# excited to start riding



## cheshirecat (Feb 24, 2012)

Hey everyone! 

I have been living in montana for about 4 months now but only recently realized that my barn borders on enormous amounts of BLM land that we are free to ride on. Trail riding is my passion these days and I want to learn as much about endurance riding as possible. My goal is a 25 miler in the end of september. Does that sound normal?

The horse: 


King is a five year old (six in march) off the track thoroughbred. He loves the trails as much as I do, is super brave and always willing to go on a new adventure. He has those long legs and we havnt found another horse who could keep up with us in speed or length. He is barefoot and I ride without boots on the rocky montana hills. So far his feet are fabulous, minimal chipping around the edges but nice and hard and sound. Thoughts? I call him my mountain goat because he will go anywhere I point him. 

Currently, we are doing 1.5-2 hour rides at a fast walk/slow trot and the occasional run up a hillside. Hopefully I will be getting a gps soon (any suggestions?) so I can know how long we are going out for and I am going to start keeping an eye on his heartbeat. We ride out in a western saddle with a headstall over his nylon halter. I switch on and off using boots, I just worry about them falling.
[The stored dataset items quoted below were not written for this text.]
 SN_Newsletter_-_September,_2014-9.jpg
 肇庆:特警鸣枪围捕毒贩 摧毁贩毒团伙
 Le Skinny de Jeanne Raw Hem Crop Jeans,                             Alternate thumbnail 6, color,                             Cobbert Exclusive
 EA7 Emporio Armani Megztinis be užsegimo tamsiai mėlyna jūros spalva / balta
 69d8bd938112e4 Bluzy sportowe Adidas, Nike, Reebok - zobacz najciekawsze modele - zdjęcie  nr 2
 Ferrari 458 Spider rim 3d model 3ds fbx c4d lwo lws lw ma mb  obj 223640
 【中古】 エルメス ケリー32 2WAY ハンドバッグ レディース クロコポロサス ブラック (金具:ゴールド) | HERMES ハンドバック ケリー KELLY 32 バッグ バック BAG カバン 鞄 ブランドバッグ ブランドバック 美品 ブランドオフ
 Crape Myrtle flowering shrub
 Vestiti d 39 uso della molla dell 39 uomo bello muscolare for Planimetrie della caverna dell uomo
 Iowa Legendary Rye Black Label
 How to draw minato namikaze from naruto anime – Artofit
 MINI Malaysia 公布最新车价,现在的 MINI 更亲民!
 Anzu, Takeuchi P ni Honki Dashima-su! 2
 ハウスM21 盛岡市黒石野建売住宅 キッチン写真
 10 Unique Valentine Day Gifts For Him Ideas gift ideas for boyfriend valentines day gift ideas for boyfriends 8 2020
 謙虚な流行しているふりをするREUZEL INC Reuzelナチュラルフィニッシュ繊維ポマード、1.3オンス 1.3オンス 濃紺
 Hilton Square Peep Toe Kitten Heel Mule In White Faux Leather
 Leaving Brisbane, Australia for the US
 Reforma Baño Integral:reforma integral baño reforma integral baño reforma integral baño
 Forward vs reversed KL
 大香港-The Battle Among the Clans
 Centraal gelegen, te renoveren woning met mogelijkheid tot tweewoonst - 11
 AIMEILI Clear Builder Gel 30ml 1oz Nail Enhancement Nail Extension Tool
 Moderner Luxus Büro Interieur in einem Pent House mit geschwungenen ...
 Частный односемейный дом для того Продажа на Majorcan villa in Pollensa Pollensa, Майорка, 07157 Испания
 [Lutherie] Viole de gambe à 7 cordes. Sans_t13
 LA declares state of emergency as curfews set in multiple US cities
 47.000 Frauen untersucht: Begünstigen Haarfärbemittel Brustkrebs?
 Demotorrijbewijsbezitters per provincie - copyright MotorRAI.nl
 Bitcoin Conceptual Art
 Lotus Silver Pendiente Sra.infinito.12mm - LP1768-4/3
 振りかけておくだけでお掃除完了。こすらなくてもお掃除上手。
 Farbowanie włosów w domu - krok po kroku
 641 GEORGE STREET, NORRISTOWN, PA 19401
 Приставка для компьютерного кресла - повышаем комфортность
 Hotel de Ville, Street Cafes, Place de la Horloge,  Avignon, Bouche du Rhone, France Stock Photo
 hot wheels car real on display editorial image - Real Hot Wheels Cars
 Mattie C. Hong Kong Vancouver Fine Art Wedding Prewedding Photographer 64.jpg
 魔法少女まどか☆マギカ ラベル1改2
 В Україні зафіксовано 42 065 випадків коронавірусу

When not on trail we are playing with dressage and the occasional small jumping. 

Any thoughts? Cant wait to learn more about this sport, seems like the perfect fit for us. =) thanks!


----------



## Houston (Apr 15, 2012)

Sounds like King is a great boy!

I am an Endurance newbie myself, so others will be able to offer better advice than I can. But I definitely think you will be more than ready for a 25 mile endurance ride in September (or even before) if you condition regularly. 

As far as GPS are concerned, I'm just using an app on my phone called Endomondo along side their website. It's simple to use, tracks how fast you're going, how far, and maps your route. Great free app!

I have found most Endurance folks (on this forum and outside) to be very helpful and welcoming to newbies. I now board with a couple who were very into it a few years ago and they have been helping me out a LOT. I would recommend finding a mentor or someone experienced to give you a hand. You also might want to volunteer at a few rides to get a feel for the atmosphere.

Good luck!


----------